Fast changes - If a measurement is not stable for a second or so, it is difficult to get a reliable reading with a meter. An oscilloscope is needed for this. Cables - Cables are easily tested with a meter on continuity setting. Usually cable faults will either be an open circuit or short circuit. It is a rare though possible fault to have a conductor show a significant resistance. Most often, the continuity test on a meter is used to check if the cable pins are going to the expect place on a connector, by buzzing each circuit in turn. Voltage drop - A meter is the ideal tool for diagnosing voltage drop. Generally, cabling should not drop a significant portion of supply voltage. If a nominal 12V power supply is feeding a device through a long cable, with say 13.6V at the power supply, you would expect to have 90% of the power (or 12.2V) available at the powered device. Low voltage - Teamed up with Voltage drop is the droop in supply voltage that can occur when a power supply is overloaded. Again, if a power supply is significantly lower than the expected value (90% is a good starting point) then it is likely that the load is drawing too much current. The only way to find this out is to use a meter. Monitored circuits - Most alarm systems use monitored circuits - basically contacts in series and parallel with resistors. While two wires may come back to the alarm panel, instead of being just a closed circuit or open circuit to indicate the condition, the wires will have two values of resistance for the two states.
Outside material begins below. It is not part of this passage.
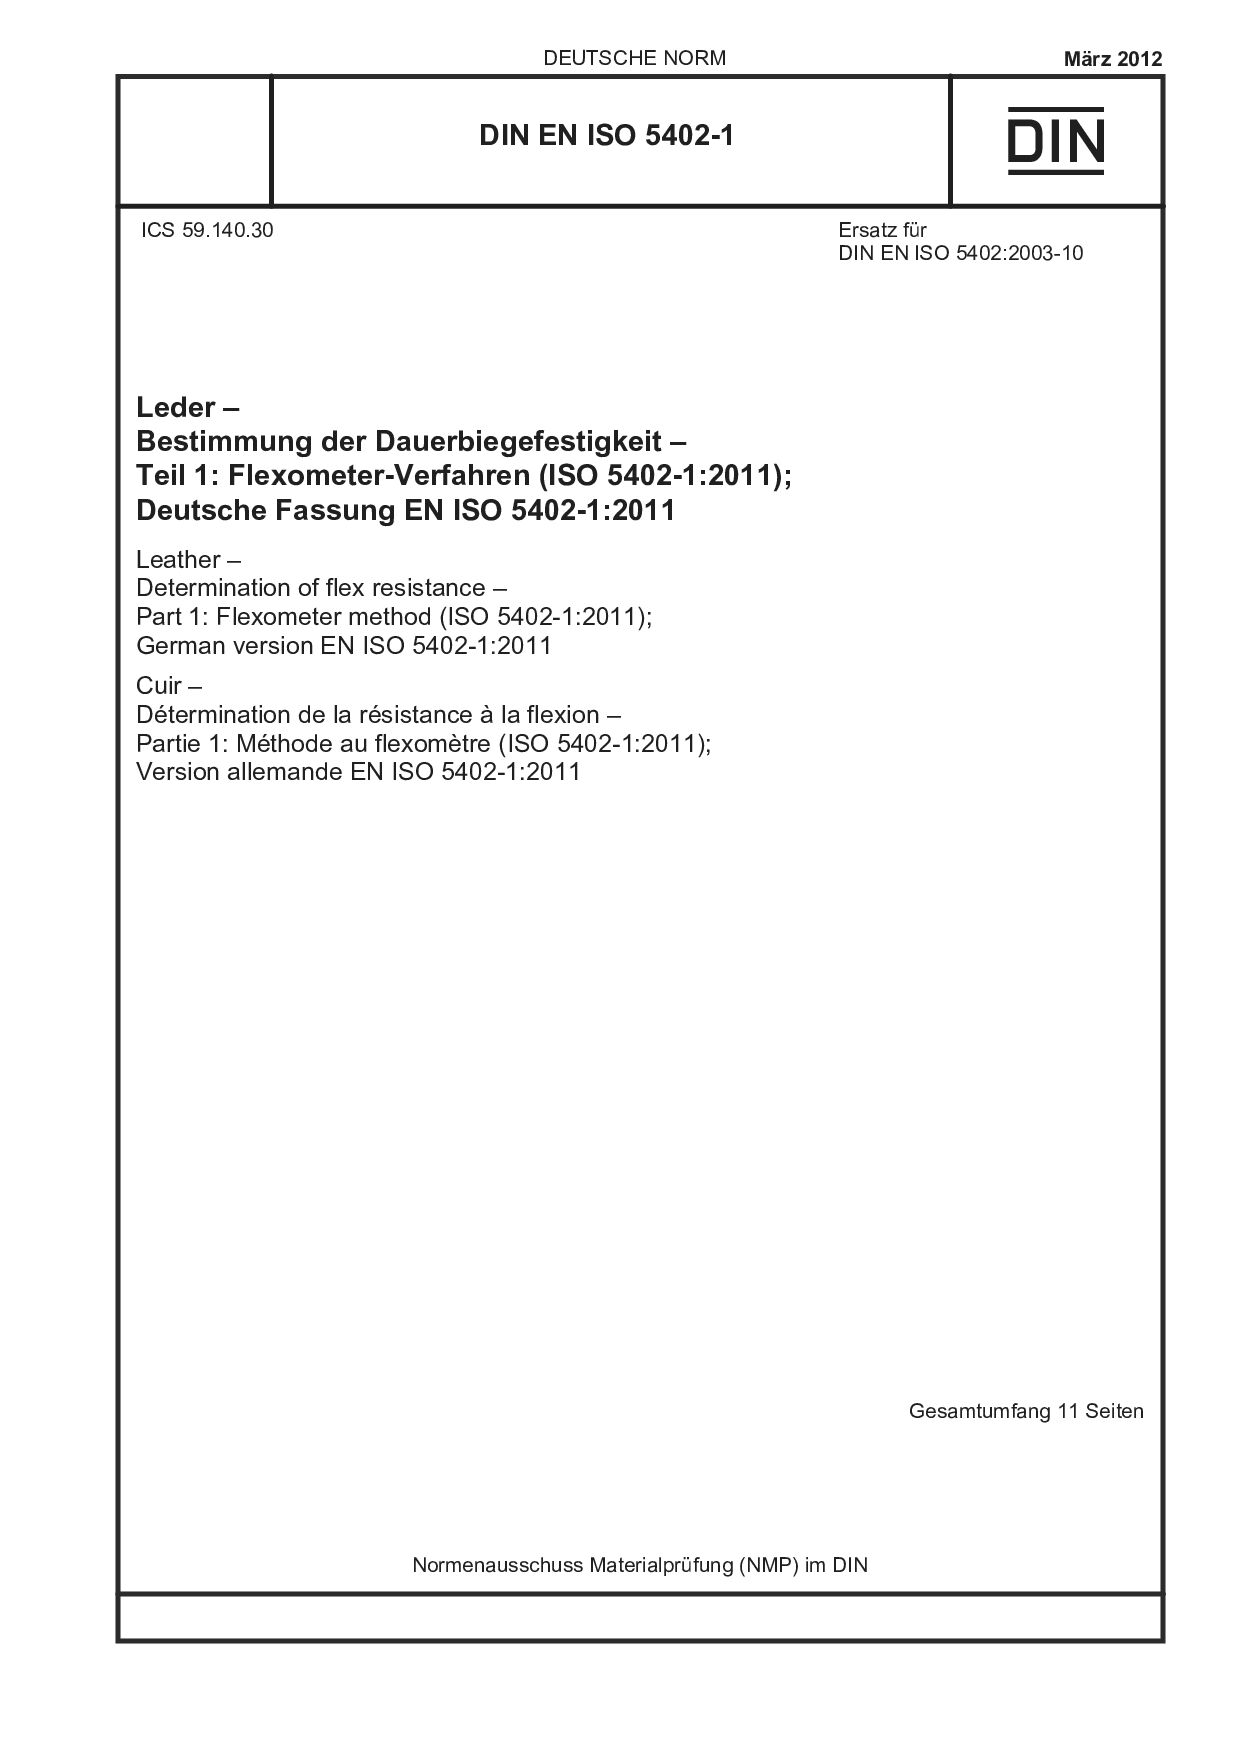 DIN EN ISO 5402-1:2012
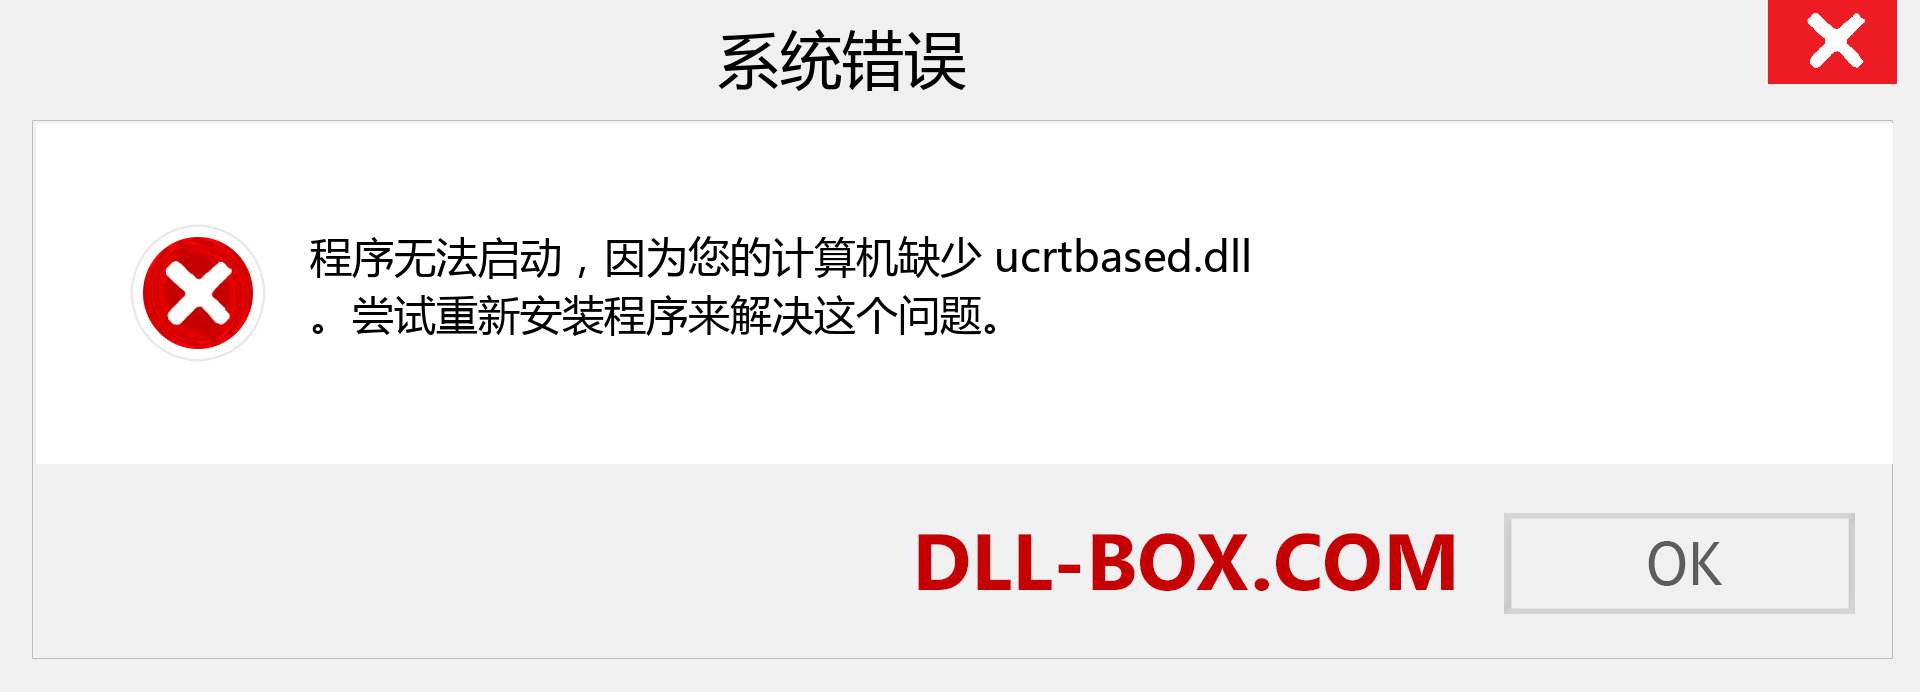 ucrtbased.dll 文件丢失？。 适用于 Windows 7、8、10 的下载 - 修复 Windows、照片、图像上的 ucrtbased dll 丢失错误

During installation, this is easily checked with a meter on resistance setting, but it relies on disconnecting the wires from the panel first so that the panel circuitry does not interfere with the measured value.
Jumper leads / Crocodile clips / Test leads - Called different names in different places, basically a 30cm length of insulated wire with a clip on each end. Two (or more) of these make connecting a meter into a circuit a lot easier. Low battery voltage in a multimeter - The low battery indication in the example multimeter comes on when the battery voltage falls below 7V. It pays to replace the battery quickly. If the voltage falls below (about) 6.3V, then voltage and current measurements are no longer accurate. Typically, the meter will indicate that the voltage or current is higher than it is in reality. Interestingly, resistance measurements stay accurate to far lower supply voltages, as the resistance measurements are made ratiometrically and so compensate for the lowered battery voltage in the meter. Autoranging meters - Many multimeters are available with autoranging functions. Instead of selecting the required voltage range, just DC voltage is selected, and the meter selects the best range itself. Also meters are available that will connect to a PC to download readings, or with functions such as capacitance, inductance and frequency measurement, all of which are quite useful. There is also temperature, light, sound level and humidity measurement - really the sky is the limit if you want to get a meter with extra features! A second meter - Perhaps the most useful hint of the lot is to have a second meter. I personally swear by it - I am constantly measuring voltage and current at the same time, or using one meter for buzzing out a circuit board when the power is off, while the other is set up to monitor voltages in the same board when the power gets turned on.